Подобные сцены здесь не редкость. Честно говоря, бывает и хуже. Как-то я обследовал четырехлетнего мальчика с внутренним кровотечением после изнасилования. Не говорю уже о трехлетних девочках с венерическими заболеваниями. В этих случаях, как и во множестве им подобных, совратителем был либо член семьи, либо бойфренд матери.
Плохой дядька не кружит возле детской площадки, малыш. Он живет у тебя дома.
Кроме того, любой врач в курсе — и эта статистика ошеломляет, — что девяносто пять процентов серьезных травм — результат именно жестокого обращения. Потому-то терапевт, недолго думая, вызвал охранников.
В таком месте, как наше, поневоле очерствеешь. Станешь не лучше уличного копа. Каких только отговорок мы здесь не наслушались! Сын вывалился из кроватки. Дочку стукнуло по голове дверцей духовки. Старший брат швырнул в младшего игрушкой. На самом деле для здоровых детей это не так уж страшно, падение с кровати не доведет их до больницы. Поэтому я в таких случаях никогда не испытывал трудностей с диагнозом.
А вот поведение Тайриза мне показалось необычным. Не то чтобы я сразу решил, будто он невиновен. Я, так же как и вы, часто сужу о людях по внешности или, говоря более официально, «склонен к расовой дискриминации». Мы все этим страдаем. Если вы, завидев шайку чернокожих подростков, переходите на другую сторону улицы, это расовая дискриминация. Если не переходите, опасаясь, как бы вас не сочли расистом, это тоже она. Если при виде шайки у вас не рождается никаких опасений, вы, наверное, прибыли с другой планеты.
Меня заставило затормозить простое совпадение. Несколько дней назад я наблюдал точно такой же случай в богатом пригороде Шорт-Хиллз в Нью-Джерси. Родители, хорошо одетые белые, приехали на навороченном «рейнджровере» и вбежали в приемную с шестимесячной дочерью на руках. Девочка выглядела так же, как и Ти Джей.
И никто не заподозрил отца.
Поэтому я и подошел к Тайризу. Он взглянул на меня так, что, случись это на улице, я бы перепугался. Здесь же Тайриз напоминал волка из «Трех поросят», когда тот пытался сдуть кирпичный домик.

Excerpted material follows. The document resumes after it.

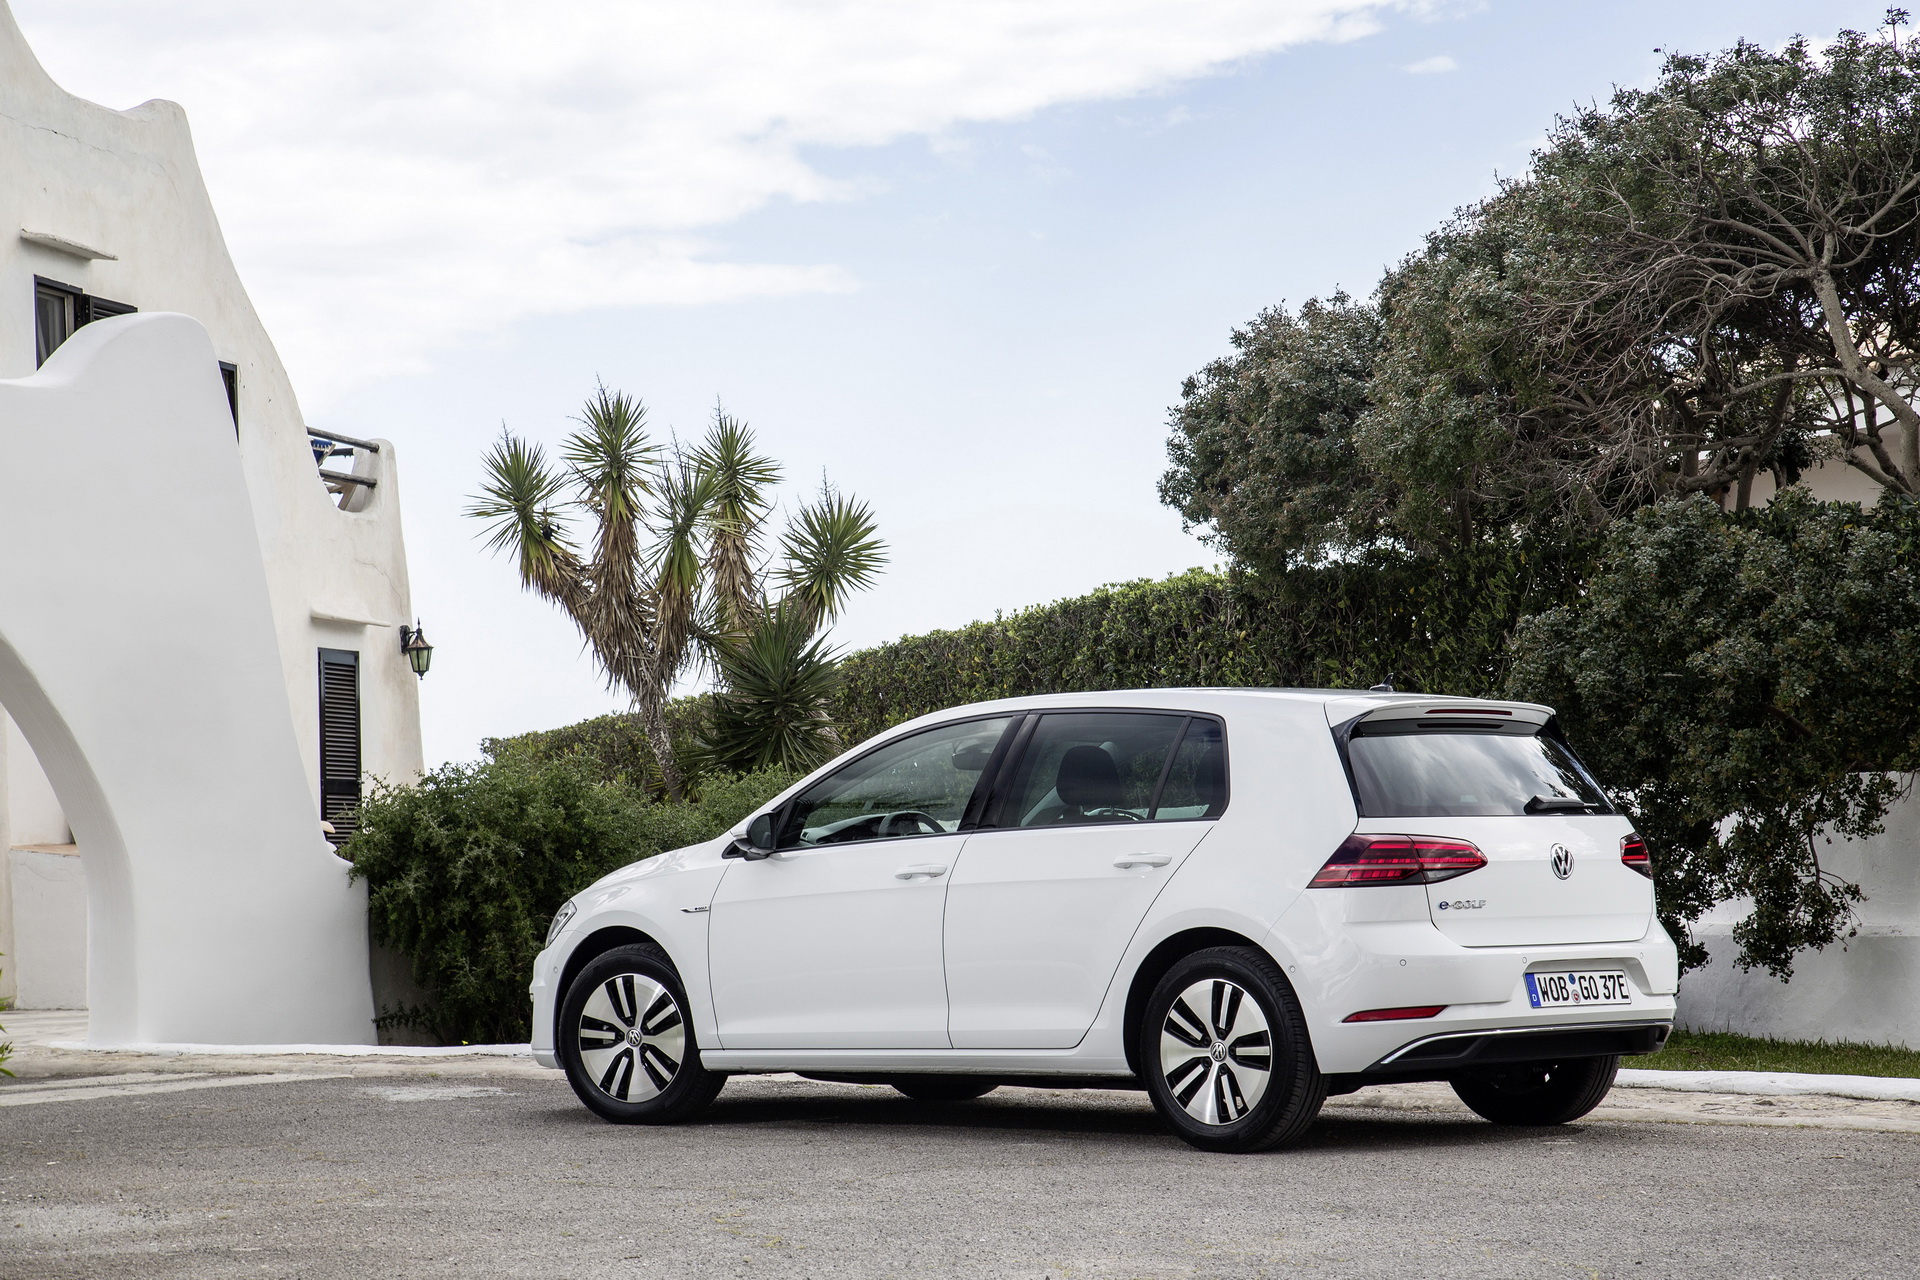 Car Pictures Review: Vw E Golf 2020

— Ваш сын родился здесь? — спросил я.
Тайриз не ответил.
— Ваш сын родился в нашей клинике? Да или нет?
— Да, — смог выдавить он.
— Ему делали обрезание?
Тайриз сверкнул глазами:
— Ты что, типа гомик?
— Вы имеете в виду, что гомики бывают разных типов? — осведомился я. — Делали ему обрезание? Да или нет?
— Да, — проворчал Тайриз.
Я выяснил номер полиса Ти Джея и ввел цифры в компьютер. Прочел запись об обрезании: все нормально. Вот черт. И вдруг заметил еще одну: оказывается, сегодняшний визит Ти Джея в больницу не первый. В возрасте двух недель отец уже приносил его сюда с жалобой на кровотечение — у мальчика никак не заживал пупок.